Szef polskiej dyplomacji Radosław Sikorski przekazał, że w Stanach Zjednoczonych spotkał się między innymi z doradcą do spraw bezpieczeństwa USA Jake'm Sullivanem, a także z przedstawicielem do spraw zakładników i więźniów politycznych. Jak dodał, to "bardzo ważne w kontekście uwięzionych opozycjonistów białoruskich, w tym Andrzeja Poczobuta".
W piątek szef MSZ Radosław Sikorski zakończył swoją wizytę w USA, gdzie przebywał m.in. w związku z odbywającą się w Nowym Jorku coroczną sesją Zgromadzenia Ogólnego ONZ, w której brał udział także prezydent Andrzej Duda.
Sikorski podsumował wizytę w nagraniu, które w piątek wieczorem zostało opublikowane na profilu MSZ na platformie X. Szef MSZ przypomniał w nim m.in., że spotkał się z amerykańskim doradcą ds. bezpieczeństwa Jake'm Sullivanem.
- Odbyłem też spotkanie w departamencie Stanu z przedstawicielem USA do spraw zakładników i więźniów politycznych - to bardzo ważne w kontekście uwięzionych opozycjonistów białoruskich, w tym Andrzeja Poczobuta - podkreślił Sikorski.
Andrzej Poczobut jest dziennikarzem, działaczem Związku Polaków na Białorusi, który został uwięziony przez reżim białoruski. W lutym 2023 r. w procesie politycznym został skazany na osiem lat kolonii karnej o zaostrzonym rygorze za "wzniecanie, podżeganie do nienawiści", "wzywanie do działań na szkodę Białorusi".
CZYTAJ RÓWNIEŻ: Sikorski rozmawiał z szefem dyplomacji Emiratów. "Uzyskał zapewnienie" w sprawie Sebastiana M.
Białoruska prokuratura oskarżała Poczobuta o "rehabilitację nazizmu", a potem także o wzywanie do sankcji i działań na szkodę Białorusi. W październiku 2022 r. Poczobut został przez białoruski reżim wpisany na białoruską listę "osób zaangażowanych w działalność terrorystyczną".
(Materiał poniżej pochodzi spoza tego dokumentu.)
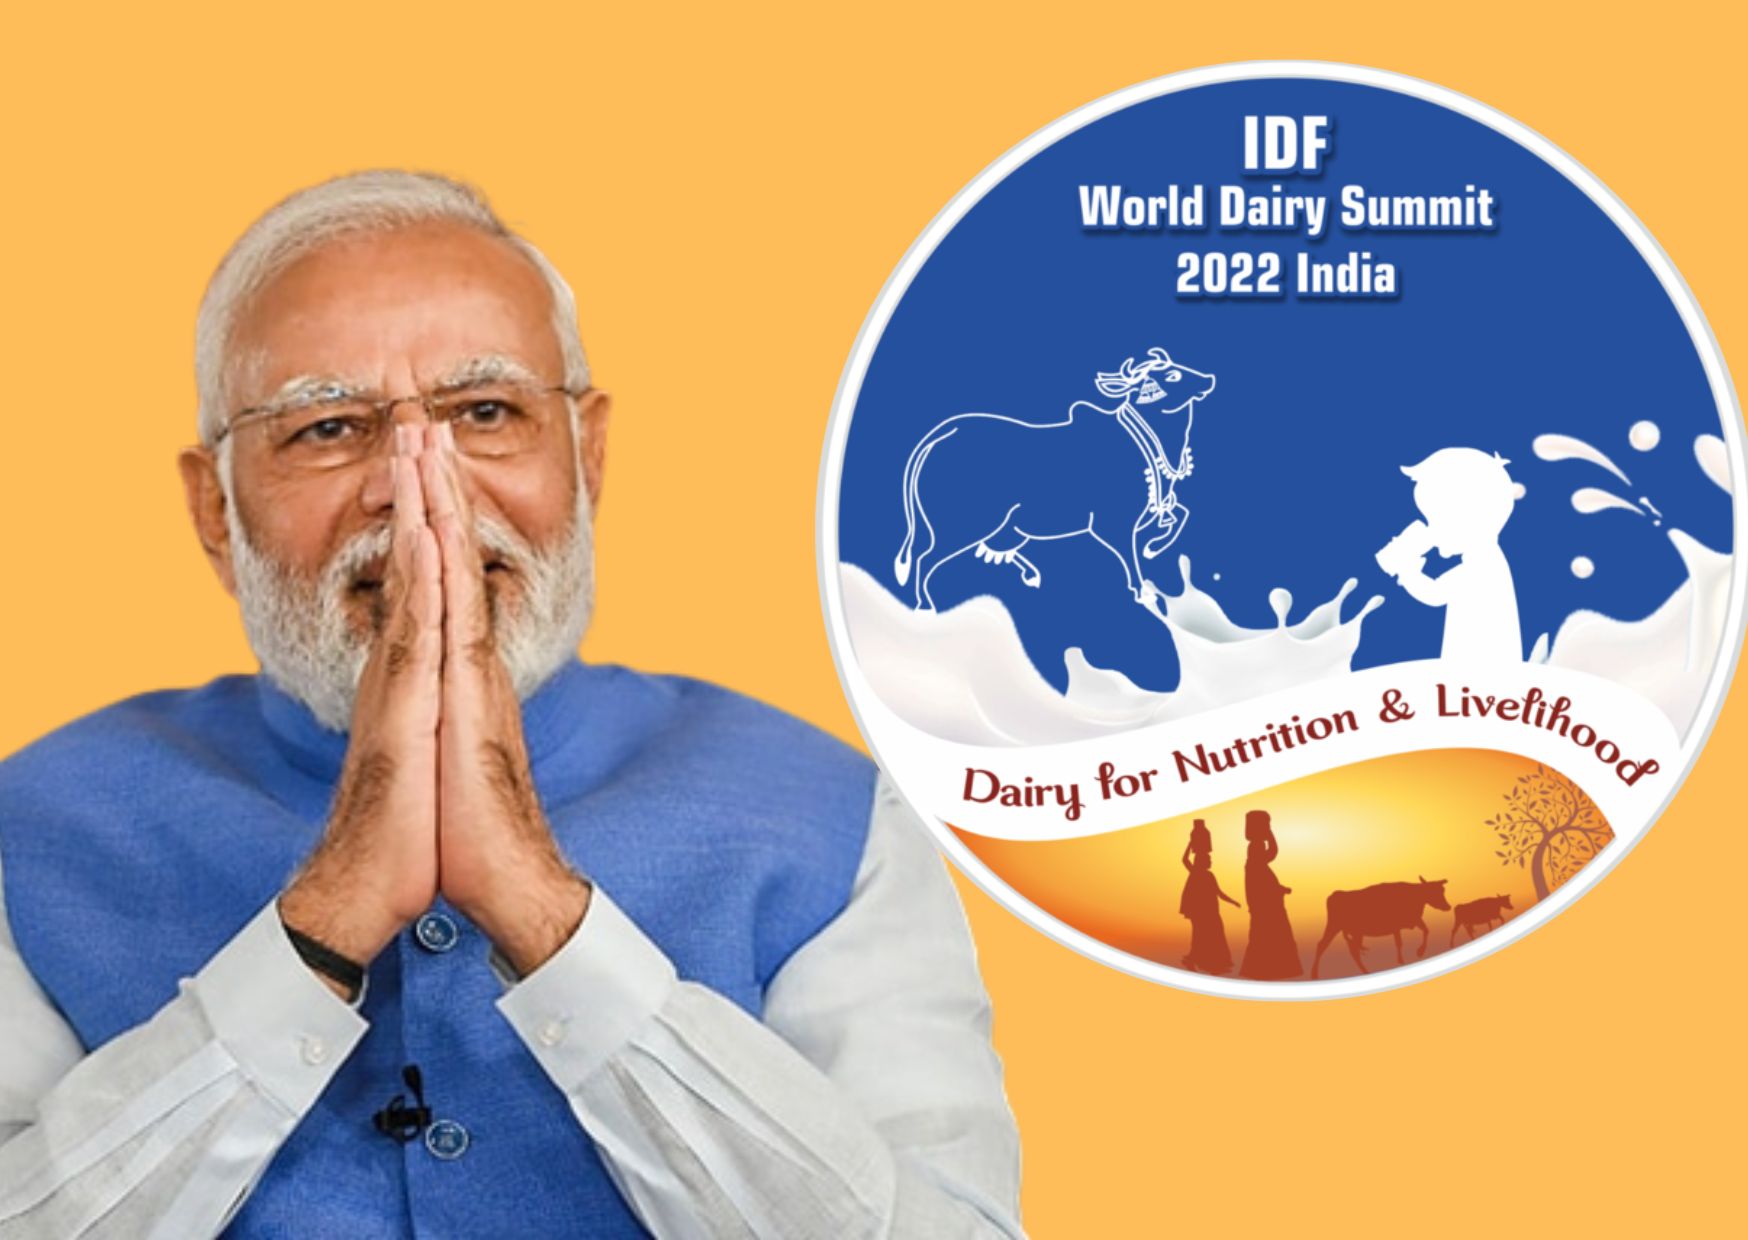 pm modi to inaugurate idf world dairy summit 2022 on 12 september

Obrońcy praw człowieka podkreślają od początku, że zarzuty wobec Andrzeja Poczobuta są absurdalne i nieuzasadnione, a jego sprawa ma charakter polityczny, Poczobut zaś jest symbolem bezprecedensowych represji za walkę o prawa do kultywowania polskich tradycji, nauki języka ojczystego i ochrony miejsc pamięci narodowej.
Rozmowy w sprawie ekstradycji polskiego pirata drogowego
Sikorski w opublikowanym w piątek nagraniu przypomniał też, że podczas wizyty w USA wygłosił wystąpienie przed Radą Bezpieczeństwa ONZ, poświęcone kwestii Ukrainy.
Podkreślił również, że towarzyszył prezydentowi Andrzejowi Dudzie podczas debat. Szef MSZ relacjonował też, że wygłosił wykład nad Uniwersytecie Johna Hopkinsa w Baltimore, a także odbył kilkanaście spotkań dwustronnych.
Wymienił w tym kontekście m.in. spotkanie z ministrem spraw zagranicznych Zjednoczonych Emiratów Arabskich Abdullahem ibn Zajidem al-Nahajjanem.
CZYTAJ RÓWNIEŻ: Sikorski w ONZ. "Kilka pytań do ambasadora Rosji"
- Wykorzystałem rozmowę między innymi do poproszenia o osobisty nadzór nad sprawą słynnego niestety pirata drogowego, który powinien stanąć przed polskim wymiarem sprawiedliwości, i otrzymałem zapewnienie, że będą sprawdzone procedury i dokumentacja - przekazał minister.
Chodzi o sprawę ekstradycji Sebastiana M., podejrzanego o spowodowanie wypadku na A1 we wrześniu 2023, w wyniku którego zginęła trzyosobowa rodzina. Łódzki biznesmen zbiegł do Dubaju, gdzie przebywał przez pewien czas w areszcie, lecz uzyskał później status rezydenta kraju.
Skrócona wizyta w USA
W nagraniu opublikowanym na platformie X Sikorski zaznaczył, że w ramach wizyty planował odwiedzić także stan Michigan, gdzie miał spotkać się z przedstawicielami lokalnej Polonii.
- Ale, niestety, muszę wracać do kraju. Prezes Rady Ministrów (Donald Tusk) zarządził nadzwyczajne posiedzenie Rady Ministrów w sprawie rewizji budżetu w związku z powodzią - dodał.
Na sobotę szef rządu zapowiedział posiedzenie rządu, który ma przyjąć zmiany w projekcie przyszłorocznego budżetu związane z sytuacją powodziową.